Em dezembro de 1974, o jornalista investigativo Seymour Hersh , então repórter sênior com fontes dentro da CIA, publicou um relato sobre operações ilegais de inteligência da CIA contra o movimento anti-guerra americano. O então líder da maioria no Senado, Mike Mansfield, um líder de caráter, encarregou Church de investigar a CIA. O próprio Church foi um senador corajoso, honesto, inteligente, de mente independente e destemido, características cronicamente raras na política americana.
Se ao menos as operações desonestas da CIA tivessem sido relegadas para a história na sequência dos crimes revelados pelo Comité da Igreja, ou pelo menos se tivessem submetido a CIA ao Estado de direito e à responsabilização pública. Mas não foi esse o caso. A CIA riu por último – ou melhor, fez o mundo chorar – ao manter o seu papel proeminente na política externa americana, incluindo a subversão no exterior.
Desde 1975, a CIA tem conduzido operações secretas de apoio aos jihadistas islâmicos no Afeganistão que destruíram completamente o Afeganistão, ao mesmo tempo que deram origem à Al-Qaeda. A CIA provavelmente conduziu operações secretas nos Balcãs contra a Sérvia, no Cáucaso contra a Rússia e na Ásia Central visando a China, todas mobilizando jihadistas apoiados pela CIA. Na década de 2010, a CIA realizou operações mortais para derrubar o regime sírio de Bashir al-Assad, sempre com jihadistas islâmicos. Durante pelo menos 20 anos, a CIA tem estado profundamente envolvida na escalada da catástrofe na Ucrânia, incluindo o derrube violento do Presidente ucraniano, Viktor Yanukovych, em Fevereiro de 2014, que desencadeou a guerra devastadora que actualmente assola a Ucrânia.
O que sabemos sobre essas operações? Apenas as partes que os denunciantes, alguns jornalistas de investigação intrépidos, um punhado de académicos corajosos e alguns governos estrangeiros estavam dispostos ou eram capazes de nos revelar, todas estas potenciais testemunhas sabendo que poderiam enfrentar severas represálias por parte do governo americano. O próprio governo dos EUA teve pouca ou nenhuma responsabilização, supervisão ou restrição significativa imposta pelo Congresso. Em vez disso, o governo tornou-se cada vez mais obcecado pelo sigilo, prosseguindo acções legais agressivas contra a divulgação de informações confidenciais, mesmo quando, ou especialmente quando, essas informações determinam as acções ilegais do próprio governo.
De vez em quando, um ex-funcionário dos EUA revela tudo, como quando Zbigniew Brzezinski revela que instigou Jimmy Carter
instruir a CIA a financiar antigos jihadistas islâmicos para desestabilizar o governo afegão, com o objectivo de incitar a invasão da União Soviética. .
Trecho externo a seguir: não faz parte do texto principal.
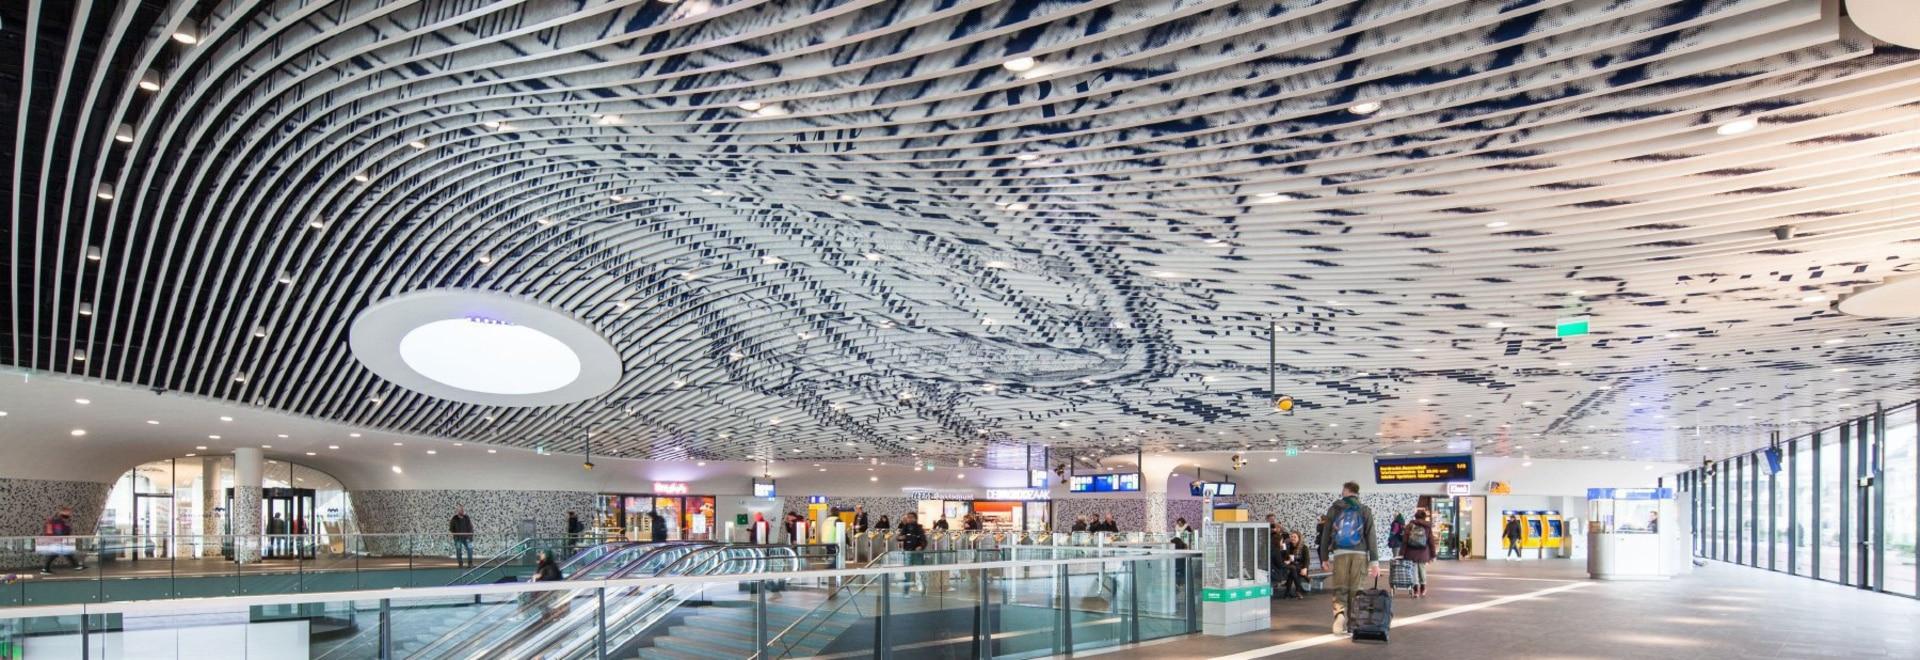 il mecanoo completa il comune di Delft ed il complesso della stazione ferroviaria

No caso da Síria, alguns artigos do New York Times em 2016 e 2017 informaram-nos sobre operações subversivas levadas a cabo pela CIA para desestabilizar a Síria e derrubar Assad, conforme ordenado pelo Presidente Barack Obama. Este é o caso de uma operação lamentavelmente equivocada da CIA, em flagrante violação do direito internacional, que levou a uma década de caos, a uma escalada da guerra regional, a centenas de milhares de mortes e a milhões de vidas perdidas. deslocados, e ainda assim não houve um único reconhecimento honesto deste desastre liderado pela CIA por parte da Casa Branca ou do Congresso.
No caso da Ucrânia, sabemos que os Estados Unidos desempenharam um papel importante e secreto no golpe violento que derrubou Yanukovych e mergulhou a Ucrânia numa década de derramamento de sangue, mas até à data não conhecemos os detalhes. A Rússia ofereceu ao mundo uma janela para o golpe ao interceptar e depois liberar uma ligação entre Victoria Nuland , então vice-secretária de Estado dos Estados Unidos (agora vice-secretária de Estado), e o embaixador americano na Ucrânia Geoffrey Pyatt (agora vice-secretário de Estado). ) e mostrando como estão tramando a formação do governo pós-golpe. Após o golpe, a CIA treinou secretamente as forças de operações especiais do regime pós-golpe que os Estados Unidos ajudaram a levar ao poder. O governo dos EUA permaneceu em silêncio sobre as operações secretas da CIA na Ucrânia.
Temos boas razões para acreditar que os agentes da CIA levaram a cabo a destruição do gasoduto Nord Stream , segundo Seymour Hersh , hoje jornalista independente. Ao contrário de 1975, quando Hersh trabalhava para o New York Times, numa altura em que o jornal ainda tentava responsabilizar o governo, o Times nem sequer se preocupa em investigar a história de Hersh.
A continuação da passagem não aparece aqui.